Your dislike of your wife may have to do with feeling forced into the union. Feeling forced isn’t typically a great aphrodesiac. It doesn’t usually make you want to get your groove on, even if the wife chosen is a hottie.
Maybe your struggle with this has to do with your relationship with your parents and a dislike of them always telling you what to do. This kind of conflict again can stem from clashing cultures. Some cultures have long believed that parents are the best judges of the mates for their children. Other cultures, however, really stress the need for individual choice (Don’t think the parents in these cultures always agree with their children’s choice of mate, though!)
You may also not want to disappoint your parents. In the culture you come from parents tend to be seen as individuals who are deserving respect and who know best because they have lived longer than you. Whatever angle of the conflict you come from it is important to sort out your experience before you take major action.
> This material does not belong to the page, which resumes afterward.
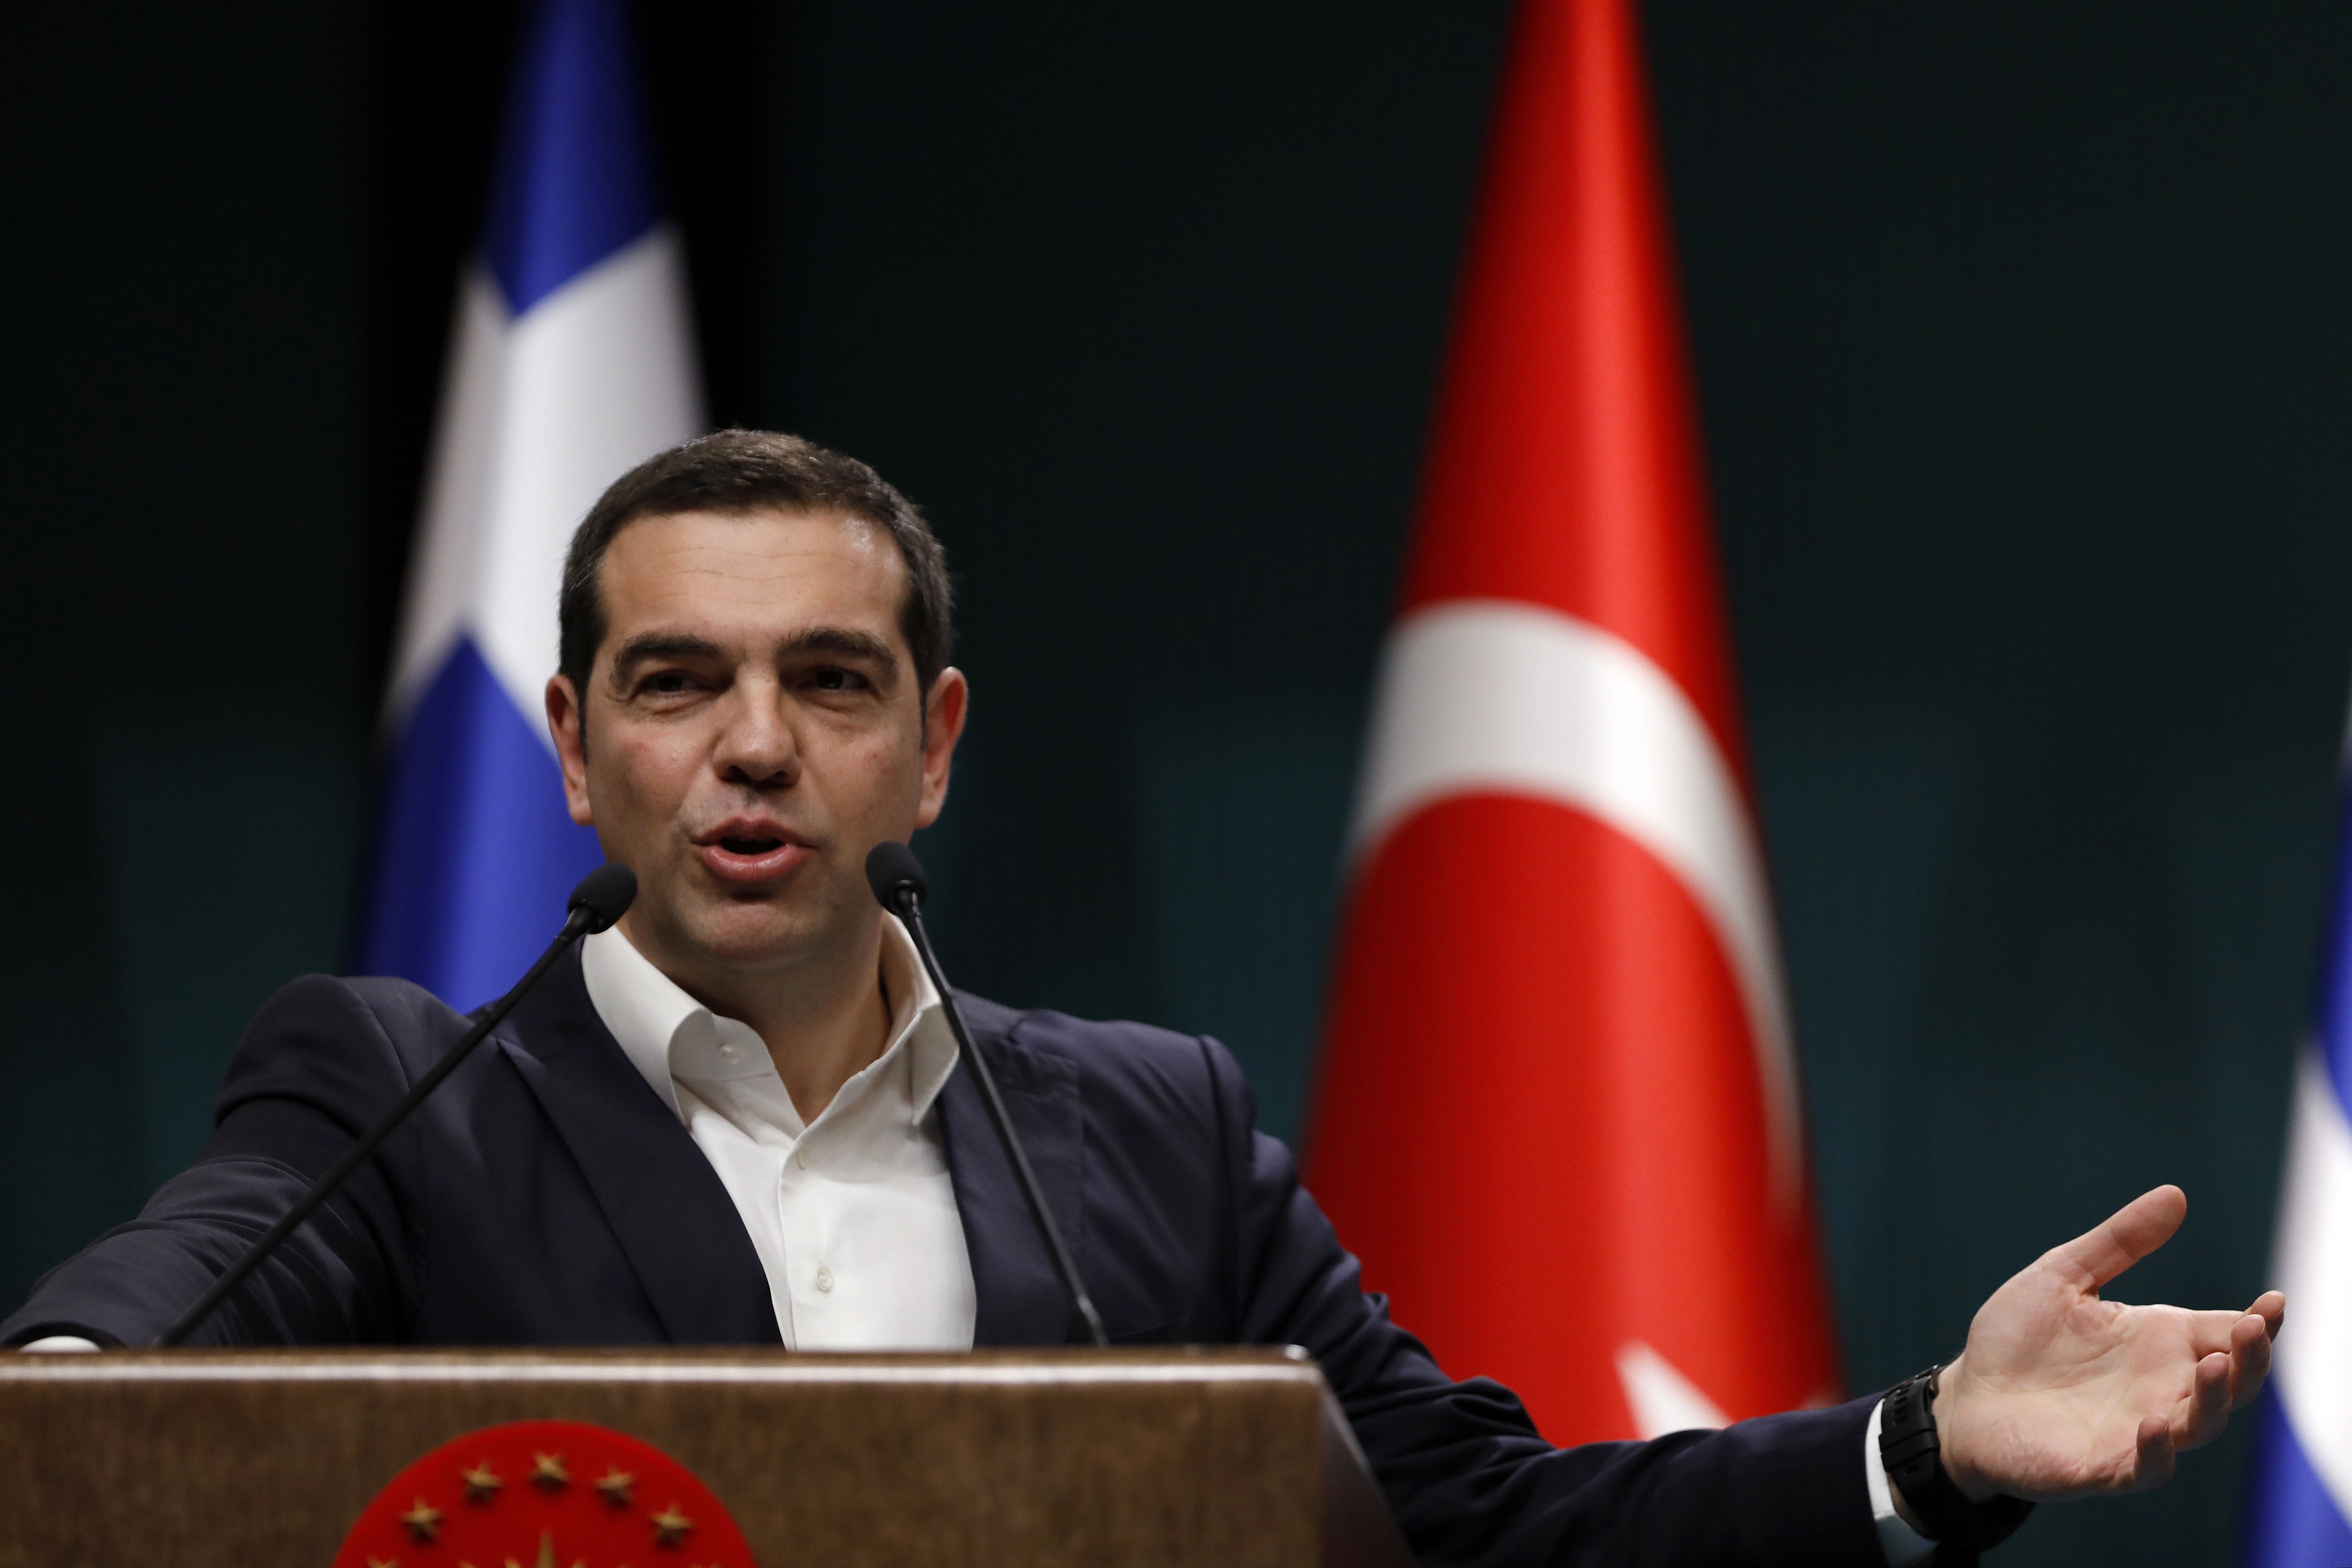 Greece's Prime Minister Alexis Tsipras speaks during a press conference with Turkey's President Recep Tayyip Erdogan at the Presidential Palace in Ankara, Tuesday, Feb. 5, 2019. Tsipras and Erdogan are set to discuss an array of subjects that have strained relations between the two NATO allies, including territorial disputes in the Aegean Sea and gas exploration in the eastern Mediterranean. (AP Photo/Burhan Ozbilici)

I don’t think a decision as major as divorce should be made quickly. You’re probably still getting to know your mate and you’re certainly still adjusting to the married state. Take a little while and ponder this before deciding what you do. Remember, many happy marriages involve less than physically beautiful people and still include really hot sex. Very physically attractive people aren’t always the nicest people, either. Looks aren’t everything.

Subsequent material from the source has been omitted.